If the r element does not exist, then the devices MUST NOT answer, otherwise this will be treated as an error.

Device Access API

Device access is facilitated by a Python object (a "dialogue" object), which is expected to meet the following API; you can use this as a stub to get started from, if you intend to support your own hardware:

class Dialogue:

    def __init__(self, env=None, ...):
	    ...
		
	async def init(self, init_chat=None):
	    ...
	
	async def retr_channel(self, channel, timeout=0.0):
	    ...
	
	async def arm_trigger(self):
	    ...
		
	@property
	def channels(self):
	    ...
		
	@property
	def parameters(self):
	    ...
	

• .__init__(): initialization should work without parameters. This function must not block or hesitate, i.e. please move all device communication either in a working thread, or use the rest of the async API elements. However, .__init__() will receive a list of environment variables to use via the env={...} parameter. The class is free to use other environment variable sources (e.g. os.environ), but is discouraged from doing so. The env=... parameter will actually contain the system env-vars from os.environ if the circumstances didn't explicitly ask for a different set.

• async def init(...): this is called once, after the asyncio loop has been etablished, to give the Dialogue class occasion to perform initial device communication and setup. If init_chat is specified, it's expected to be an init-talk list object.

• async def retr_channel(...): this waits until either data for the specified channel is available, or timeout seconds have elapsed. If there is no data for whatever reason (either because timeout has occurred, or because oscilloscopes are generally tricky and sometimes unreliable), then a DialogueRetry exception must be raised -- either a DialogueTimeoutRetry or a DialogueEmptyRetry, depending on the reason. The rest of Oszitrace is designed to deal with that gracefully, without going into failure mode.

  If the intention is to fail (i.e. exit the IOC because a more serious reason is at play, e.g. loss of connectivity), then a different exception must be raised (e.g.
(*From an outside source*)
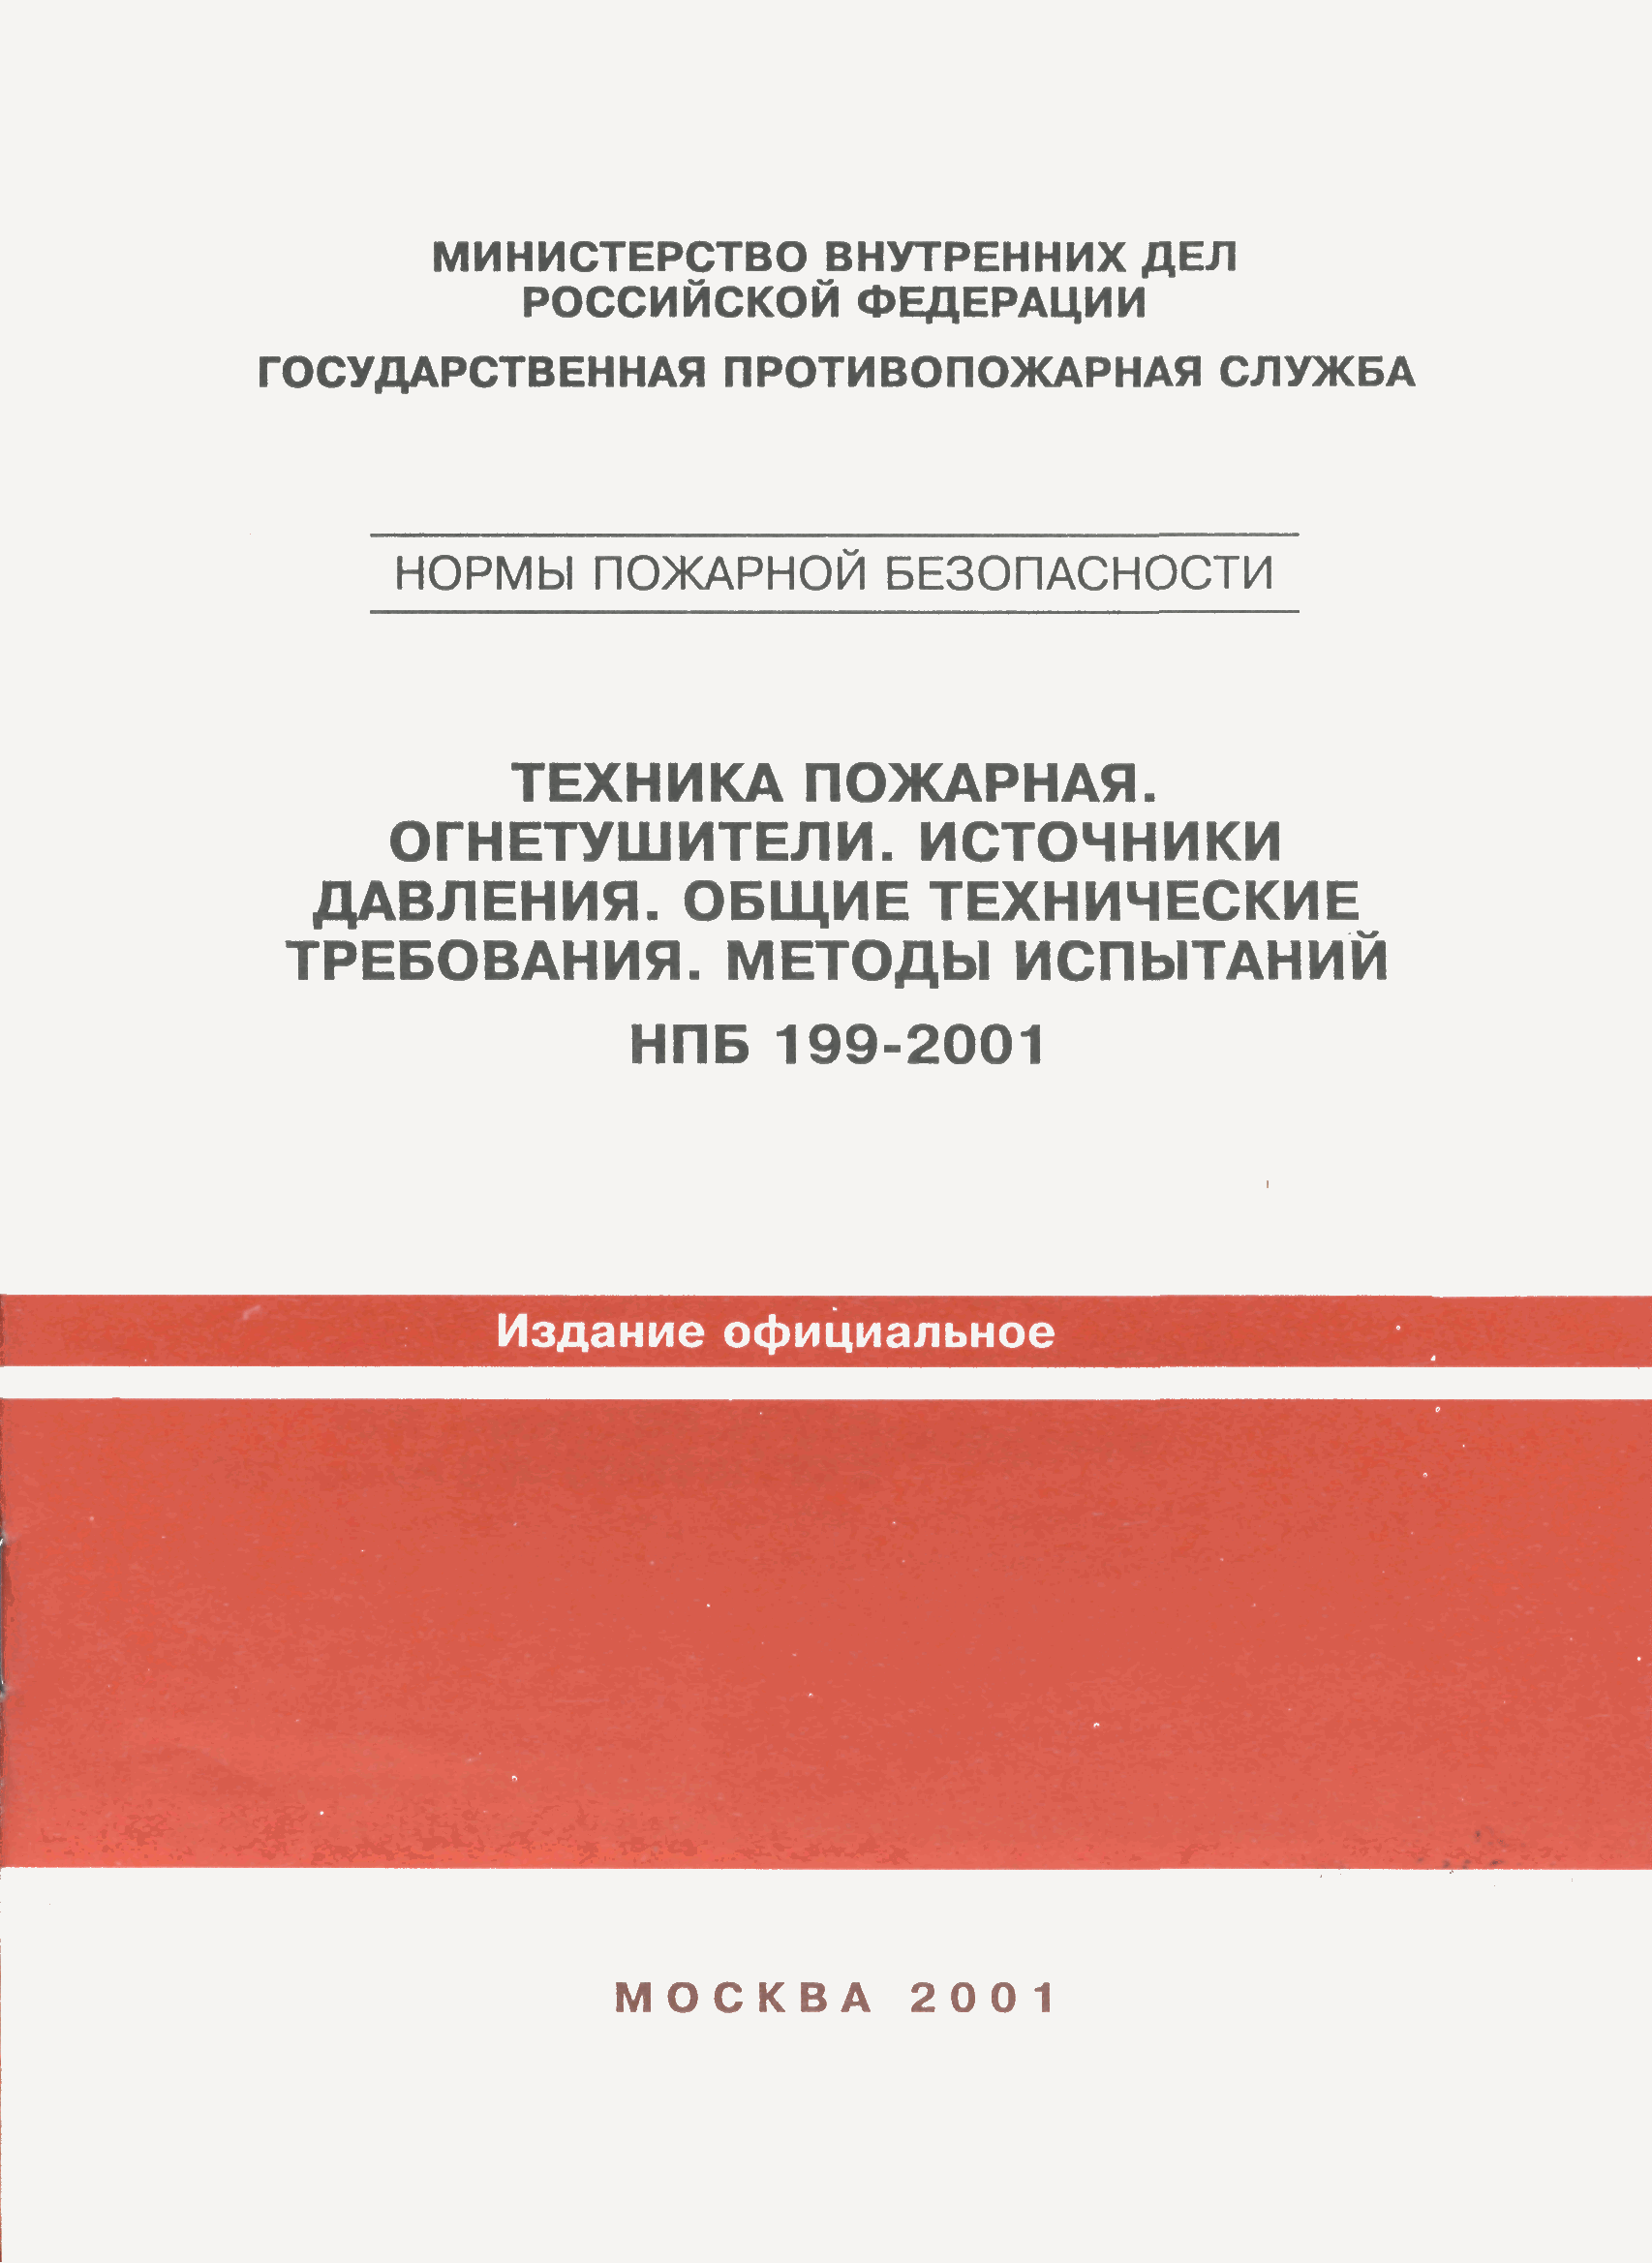 НПБ 199-2001

RuntimeError, a DialogueError, or whatever the underlying communication mechanism raises).

  The data must be returned as an xarray.DataArray, with built-in scaling, both axis and signal as floating-point data type.

• async def arm_trigger(): this function is supposed to arm the trigger for a new signal acquisition if the device is any kind of triggered mode.

• property channels: this is a list of strings, each string representing the name of one device data channel. These are to be used as parameters, for instance, to .retr_channel() calls.

• property parameters: this is provided as a courtesy to the user, and is expected to be a dictionary where the keys are named parse parameters from the init-talk r sections (see above), and the data is the data that has been extracted.

  Oszitrace (currently) does not use any of this information, and there aren't any specific keys that are expected or treated in a particular way -- everything we care about in terms of signal information (scaling, offsets, axis, ...) is expected to already be baked into the xarray that .retr_channel() is returning.

  But as Oszitrace API is still young, this may change in the future (though at this point it isn't clear how this would be beneficial, and how this could -- generically -- reach the IOC interface.)

Supported Devices

Here's a list of devices that Oszitrace supports our of the box (you can use any of these as a value for the OSZI_DIALOGUE env-var):

• sim -- see above, a simulated device which delivers sine waves for testing.

• lecroy -- tested on (?), but generally Lecroy devices have a fairly sophisticated discovery langauge built-in which describe essential parts of their internal workings and formats. Oszitrace goes a long way in automatically interpreting that language and adapting to the specific model, so chances are that a wide range of models are able to function out-of-the-box.

  Binary readout is enabled, so Oszitrace is able to rapidly read large amounts of data (4 channels, > 1 mio data points each, readout time in the range of a fraction of a second).

• agilent -- tested on (?). Only ASCII readout supported via the :WAV:DATA? SCPI command. 4-channel, 150k-ish points readout performed within ~1 second.

Adding support for additional devices should be fairly easy.